* _WHAT YOU WILL DO_: Everything from the line with "TP-Link Powerline WiFi" to the end of the data below, both lines included, should be transcribed exactly; please omit the pictures.

* _RECORDED INFORMATION_:
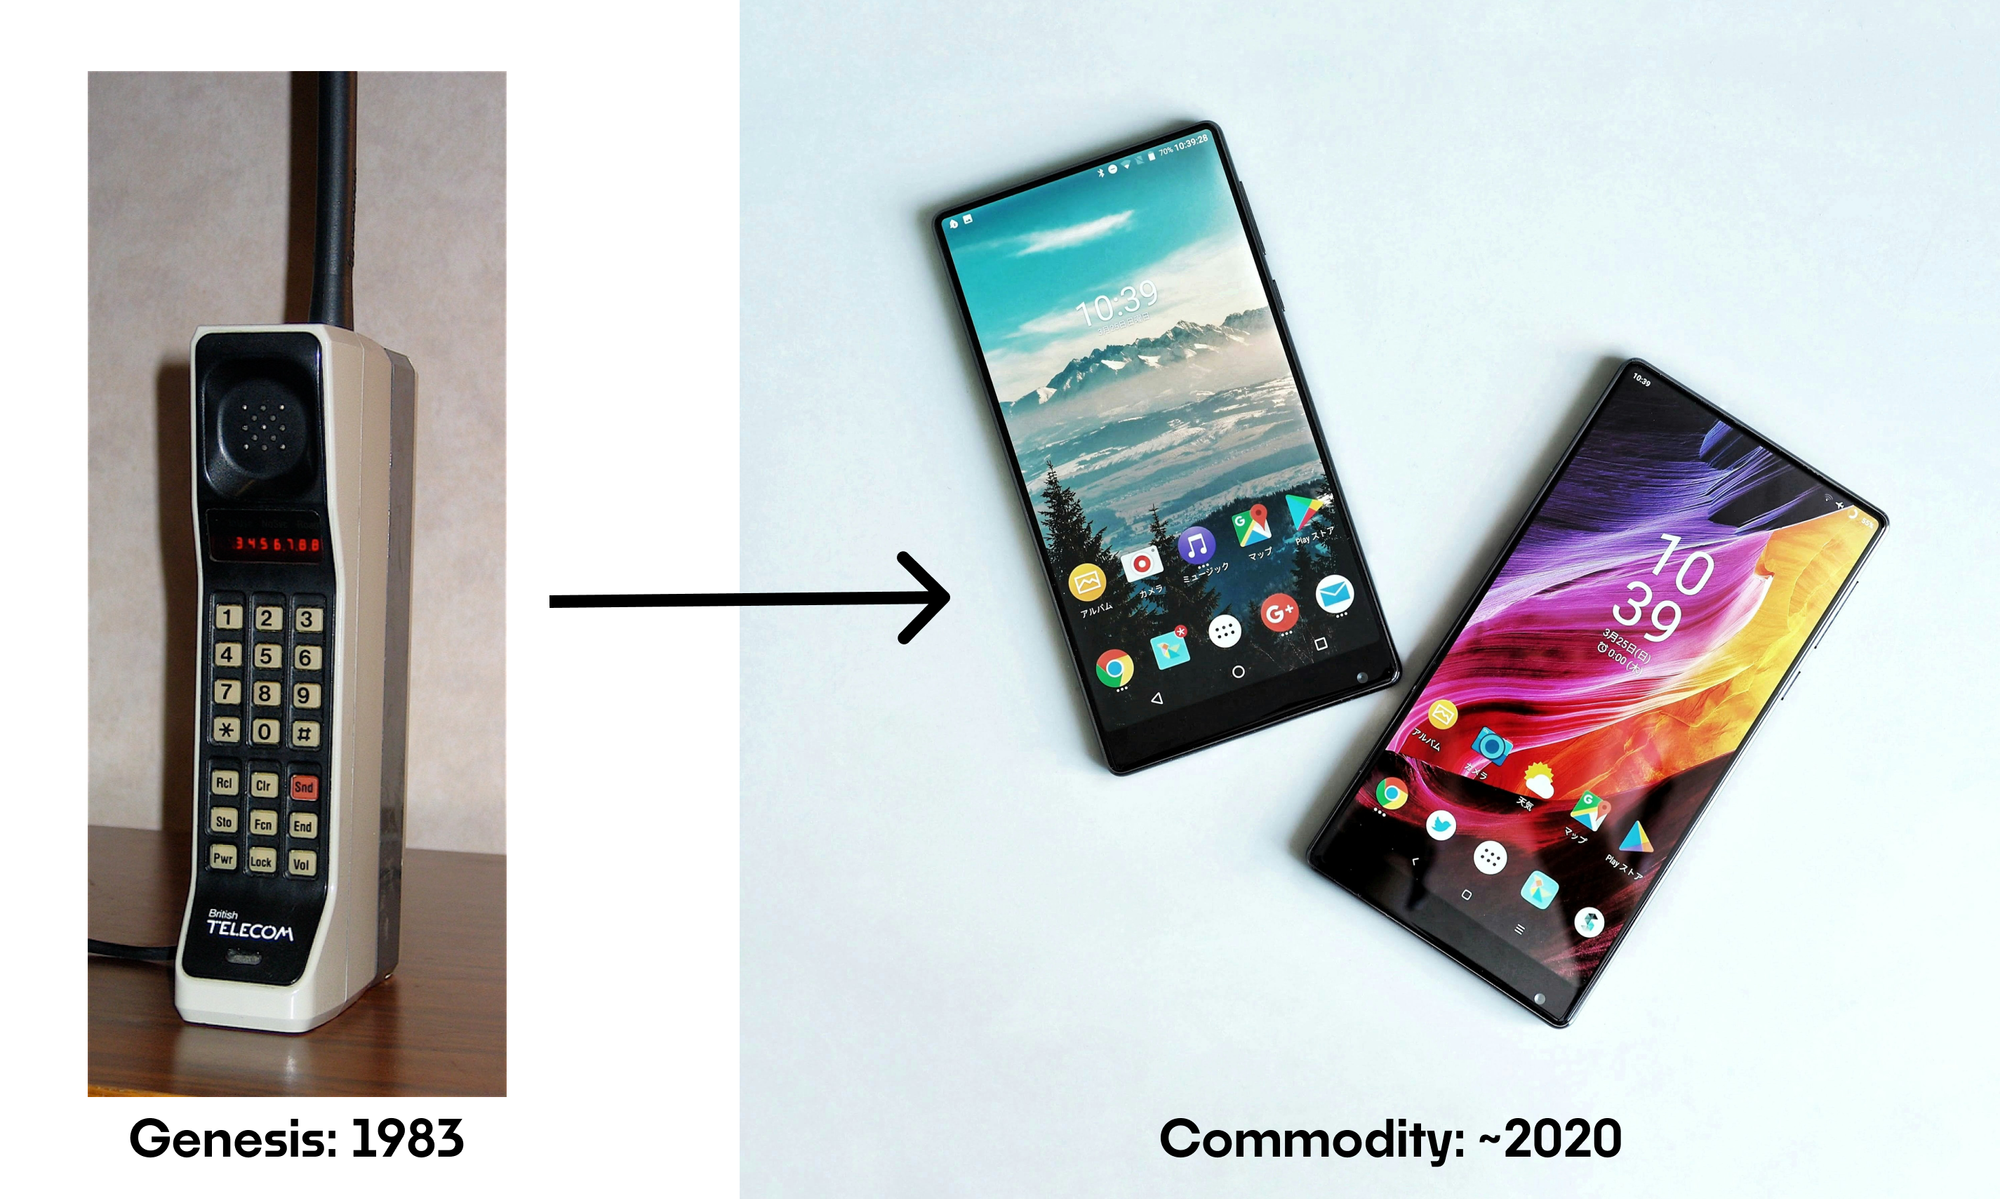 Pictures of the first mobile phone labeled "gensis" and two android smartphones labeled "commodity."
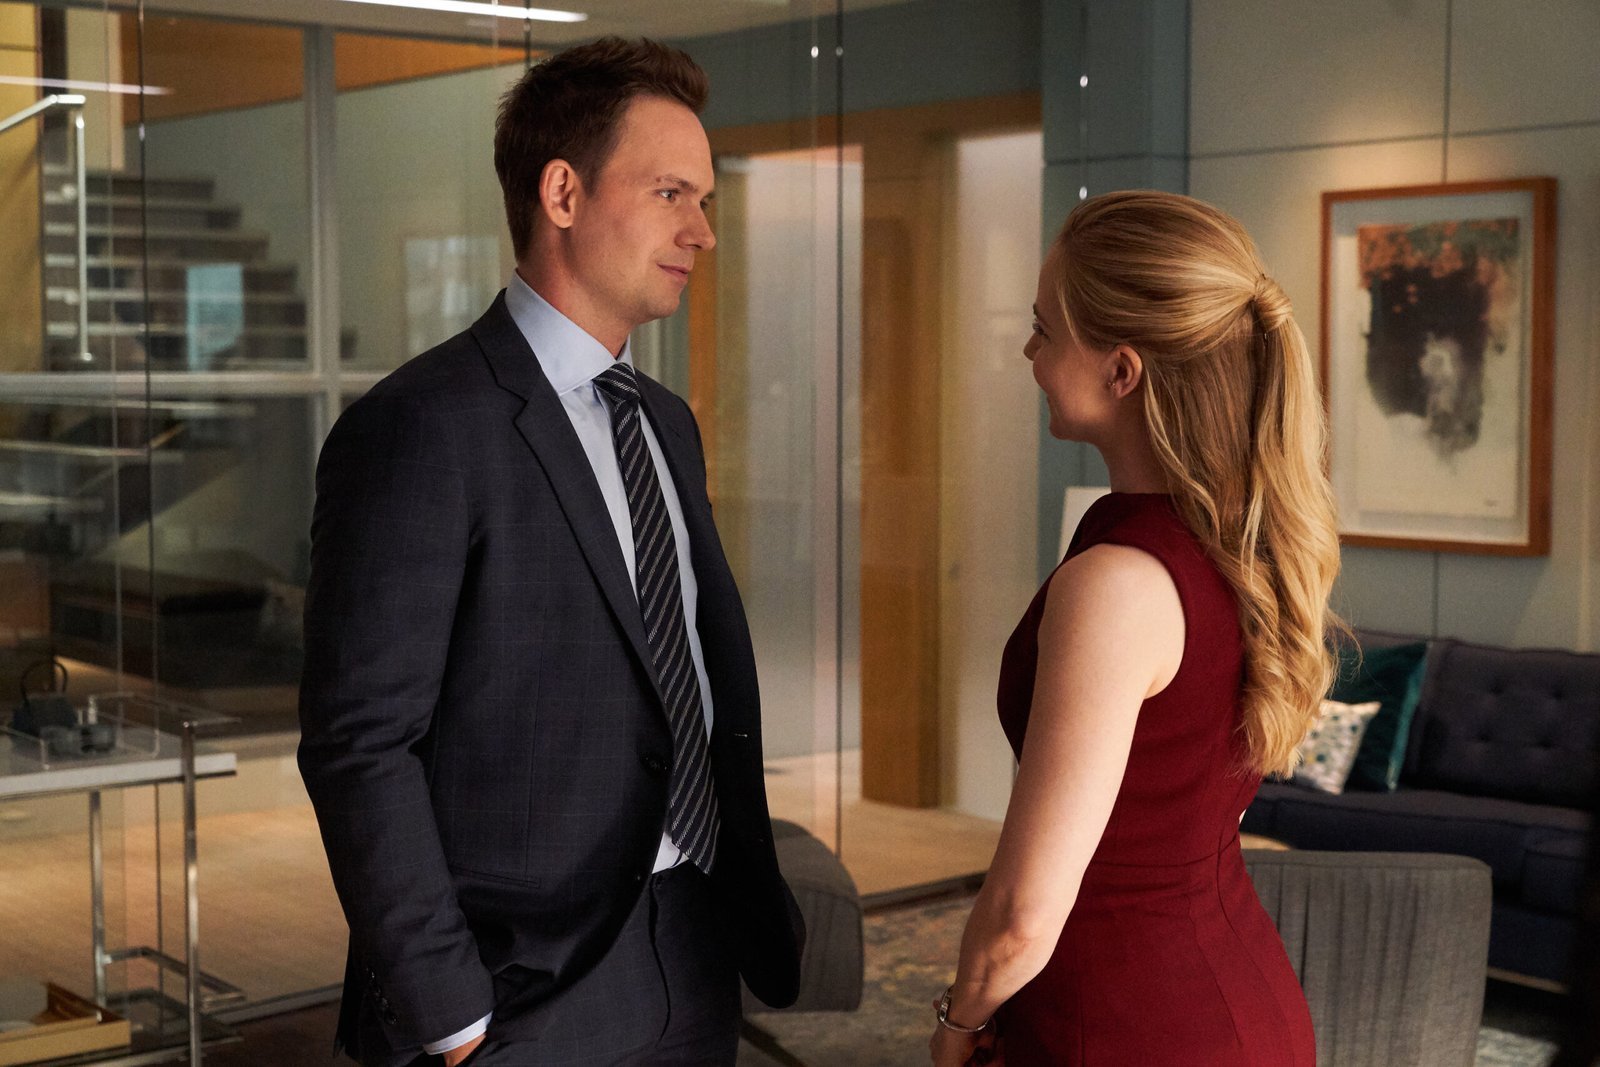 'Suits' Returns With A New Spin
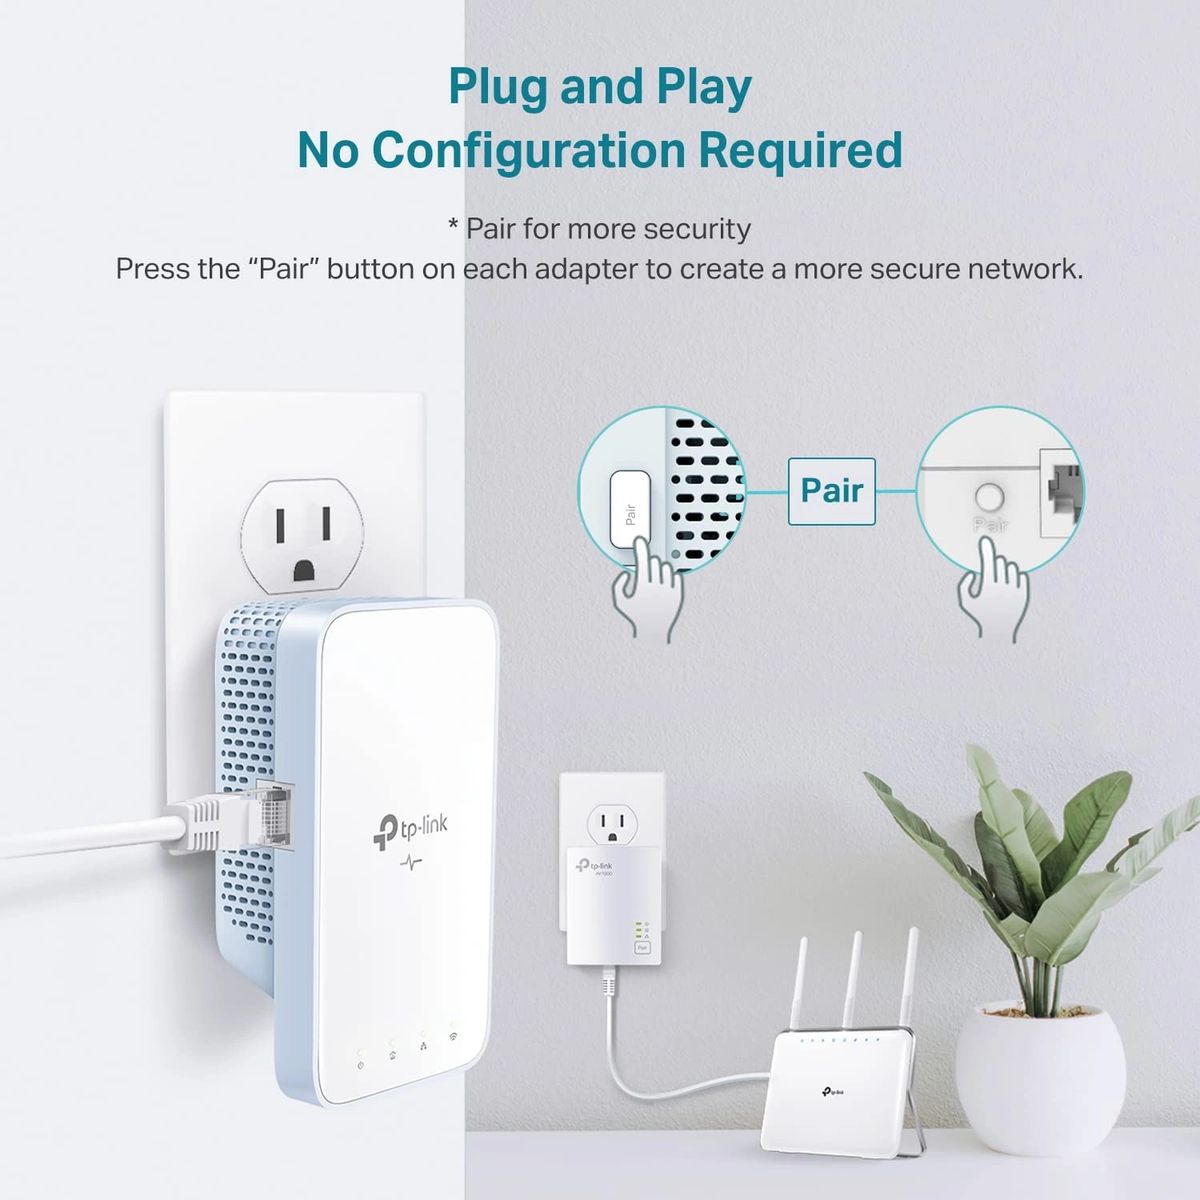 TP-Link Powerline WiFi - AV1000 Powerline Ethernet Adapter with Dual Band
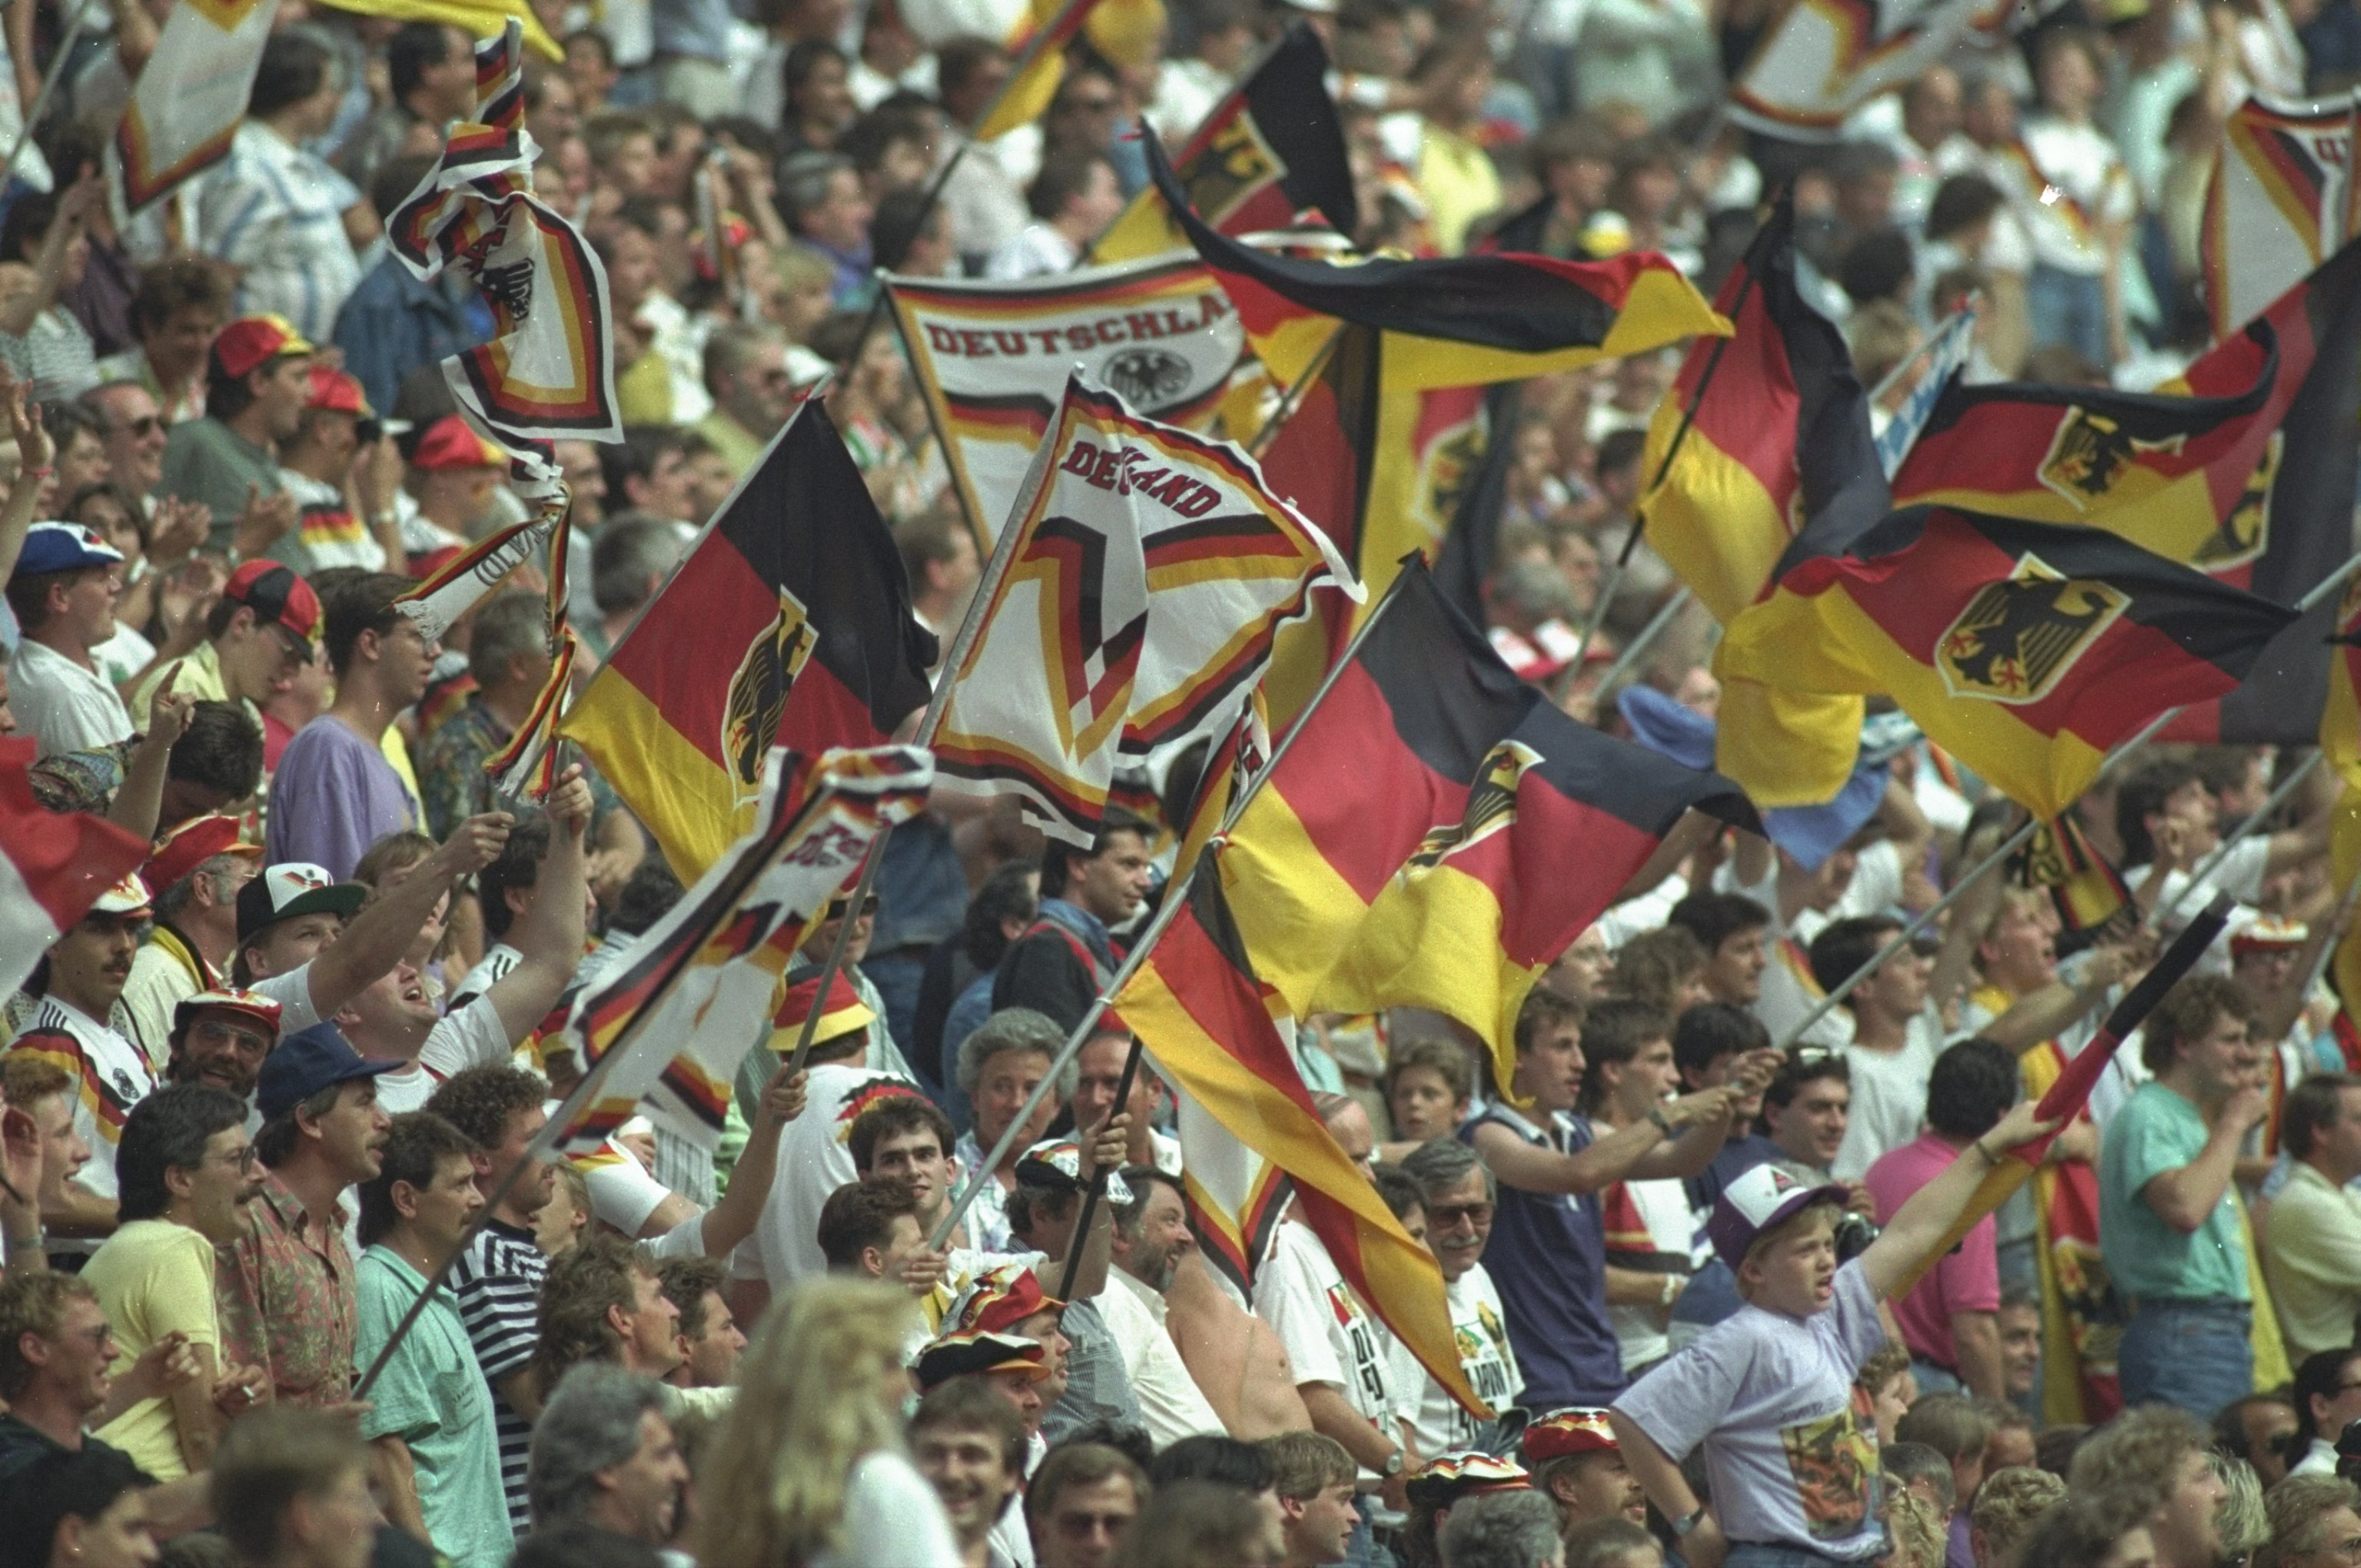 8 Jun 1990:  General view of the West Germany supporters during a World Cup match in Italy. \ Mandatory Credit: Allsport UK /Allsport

* _FINISHED EXERCISE_:
 TP-Link Powerline WiFi - AV1000 Powerline Ethernet Adapter with Dual Band
 8 Jun 1990:  General view of the West Germany supporters during a World Cup match in Italy. \ Mandatory Credit: Allsport UK /Allsport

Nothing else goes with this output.